Move over Elon Musk. There's a new super cool startup founded by three NASA scientists that is also saving the world by launching things into space.

It's called Planet Labs and it just raised $52 million in funding from Russian tycoon Yuri Milner among a long list of others.

(Skip straight to the photos of the satellites and Earth.)

This is on top of raising $13 million just a few months ago in June from backers like Innovation Endeavors (Google chairman Eric Schmidt's investment vehicle), Draper Fisher Jurvetson and Data Collective (home to VC Zachary Bogue, also known as Yahoo CEO Marissa Mayer's husband).

Planet Labs founders created a way to quickly build imaging satellites from low-cost PCs running the Ubuntu Linux operating system.

The satellites are being used to take an unprecedented number of pictures of the earth. That data will help climatologists and other scientists study the earth. Planet Labs will also sell the data for commercial uses to imaginative entrepreneurs who need it.

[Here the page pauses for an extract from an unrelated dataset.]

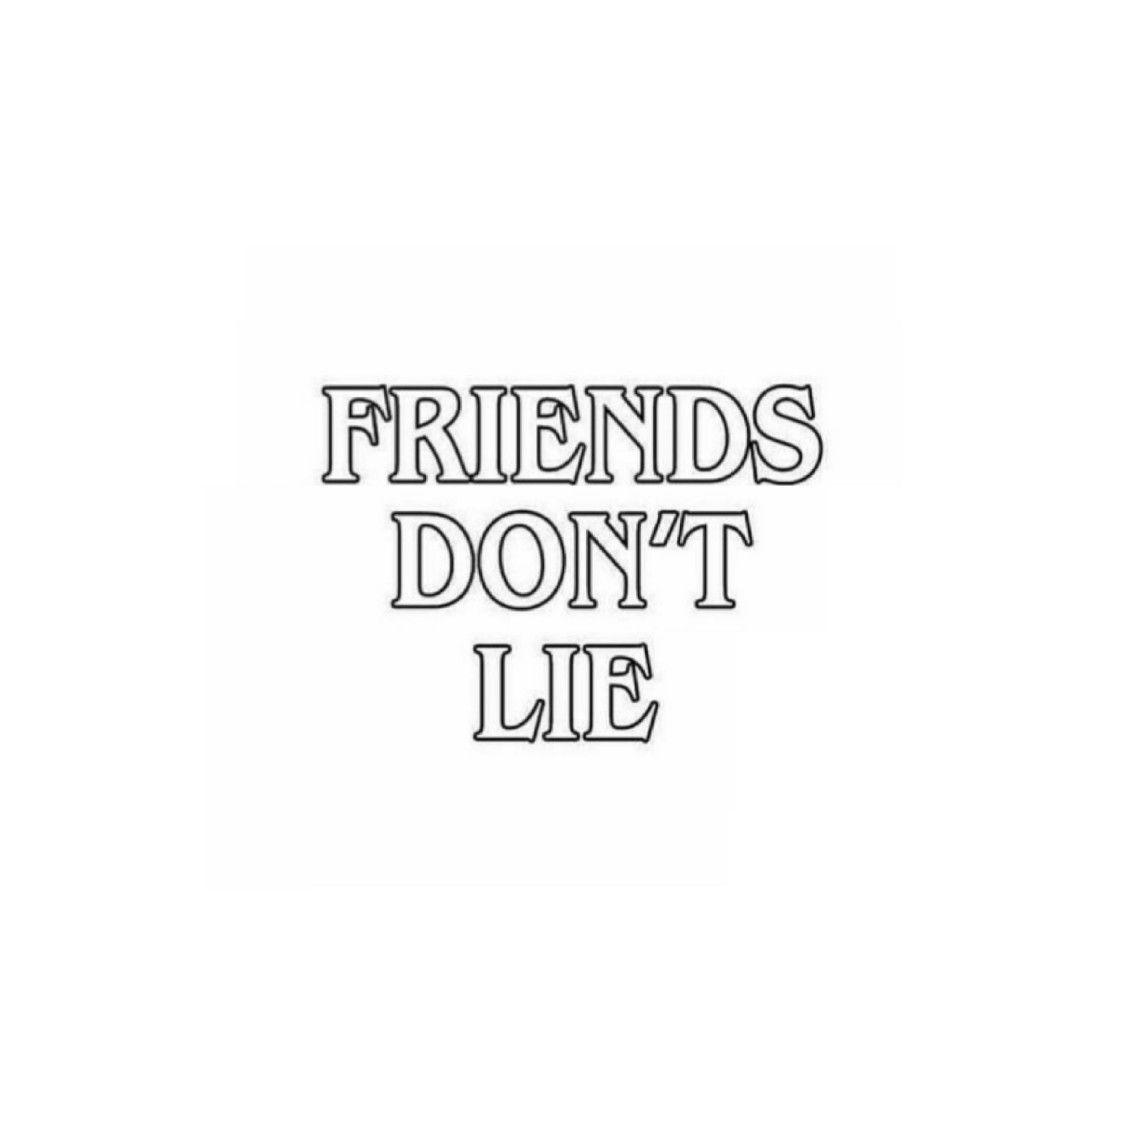 Friends Dont Lie  Stranger Things Eleven quotes wallpaper background   Stranger things quote Eleven stranger things Stranger things pins

In 2013, the San Francisco-based company launched four test satellites (named Dove 1, Dove 2, Dove 3, Dove 4) and then built a fleet of 28 more (named Flock 1). Flock 1 is waiting at the NASA Wallops Flight Facility to be launched very soon. When they hit orbit, they will be "the largest constellation of Earth imaging satellites ever launched," the co-founders say.

"Most people spend years building any one satellite. We, at the max, spent months building this fleet of satellites," co-founder Will Marshall told Business Insider. "We won’t tell what it cost us … a much lower cost than a typical satellite or it wouldn’t be possible to build so many."

Once the Fleet is launched it should be possible, for the first time, to just about see the whole globe at once.

Planet Labs shared some pictures with us.

Here's a good look at a Planet Labs satellite, a member of the largest ever fleet of imaging satellites.



Production manager Chester Gillmore assembling a satellite with a screwdriver.



Engineer Ben Howard is testing a satellite. It took less than six months to build 28 of them.